In procedural terms, they’ll object to an up or down vote on the motion to proceed to the Democrats’ background-check based gun bill. It would thus take 60 votes just to debate the legislation, and it’s a fair bet Dems don’t have 60.

Normally it’d be fair to tag these Republicans with killing gun control. But not this time. Follow me under the fold to learn why.

When the Senate changed its rules at the beginning of this Congress, Dems and Republicans avoided any meaningful filibuster reforms. But they did create a process that allows any senator (but by custom, the majority leader) to bring a bill to the floor for debate with 50 votes. The catch is that circumventing the first filibuster guarantees each party two votes on amendments to the underlying bill.

That’s the technical explanation. Roll Call’s Niels Lesniewski has been banging this drum for days. In practical terms it means Cruz et al are peddling empty threats and Harry Reid can blow them off.

Except it’s not clear that he wants to.

It’s not entirely clear to me why exactly Reid and other Democrats aren’t brandishing this new power, but I can think of a couple reasons.

As a wedge issue, gun control isn’t breaking Democrats’ way like gay marriage is. It’s still a very tough vote. Particularly without Republican buy in. And if Reid invokes a process that lets Dems begin the gun control debate with 50 votes, you can safely bet Republicans are going to make him account for every one of those votes. He has 55 members, and seven or eight of them will face very tough elections next year. So who gets a pass and who has to walk the plank? It’s a genuinely tough calculation. And that’s before we get to the part where Republicans offer amendments to weaken or poison the bill. But his only other option is blowing off President Obama and advancing an extremely weak gun bill, or no gun bill at all.

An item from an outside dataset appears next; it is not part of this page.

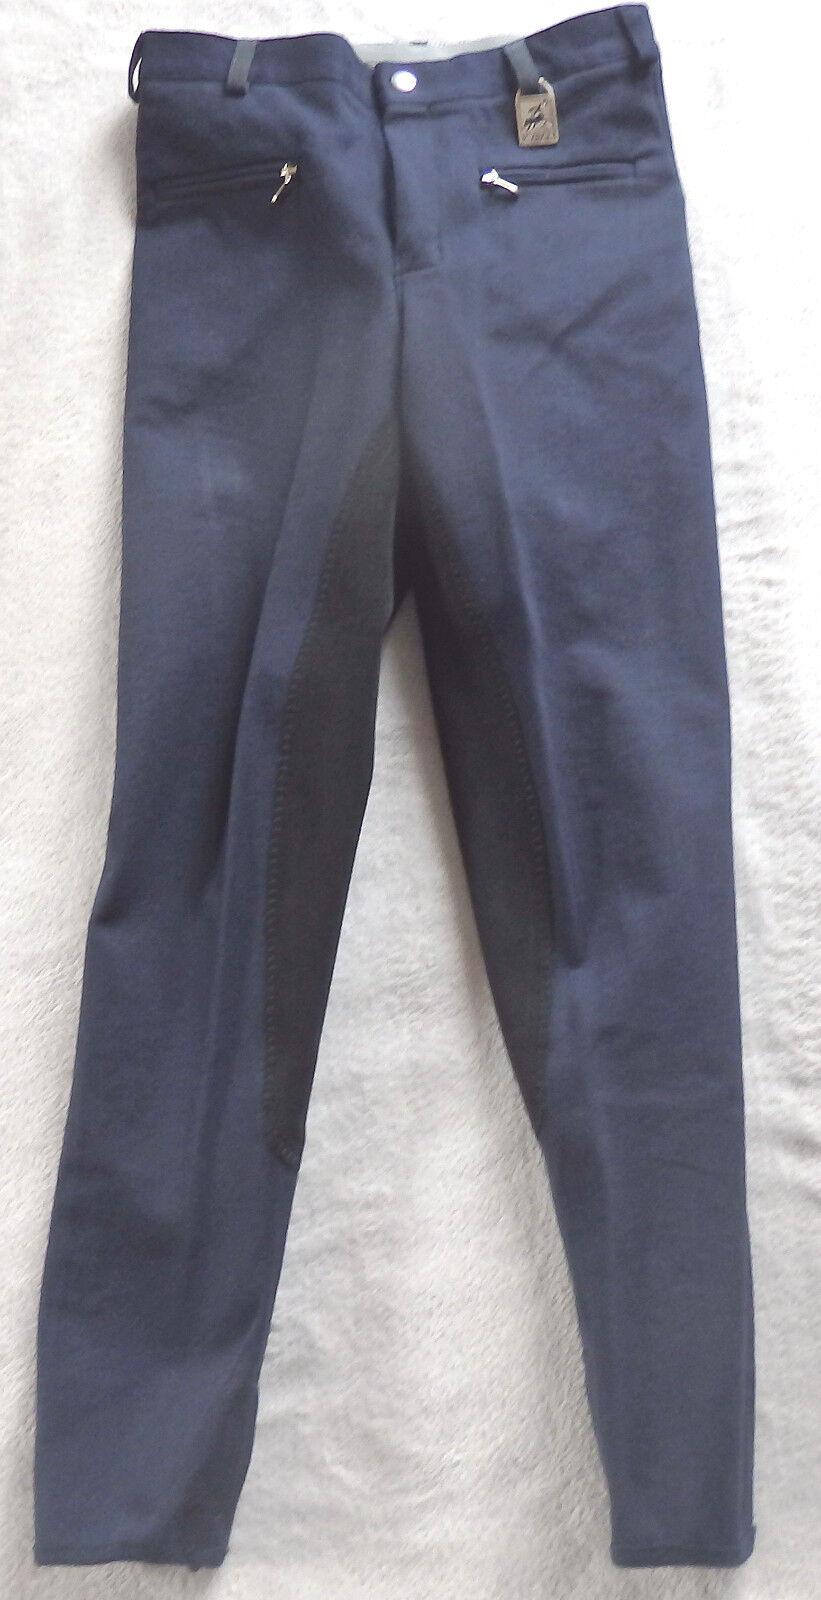 KYRON Bambini Pantaloni Montala, 3/4 guarnizione in Alexa, pieno, Blu, guarnizione in nero, gr 140, Alexa, in (89) eb0ff5

That’s the Occam’s Razor explanation. A more cynical theory is that Reid just doesn’t want this background check bill on the floor at all and he’s just pretending he lacks the power to bring it there. But that’s not my sense of how Reid operates.

Anyhow, long story short, if it weren’t for this new rule (which, I should mention, expires at the end of the 113th Congress) Reid could just decry GOP obstruction and lay Congress’ failure to pass gun control legislation after Newtown at their feet. But the rule exists. And so one way or another, Democrats’ commitment to doing something meaningful to curb gun violence will be put to the test.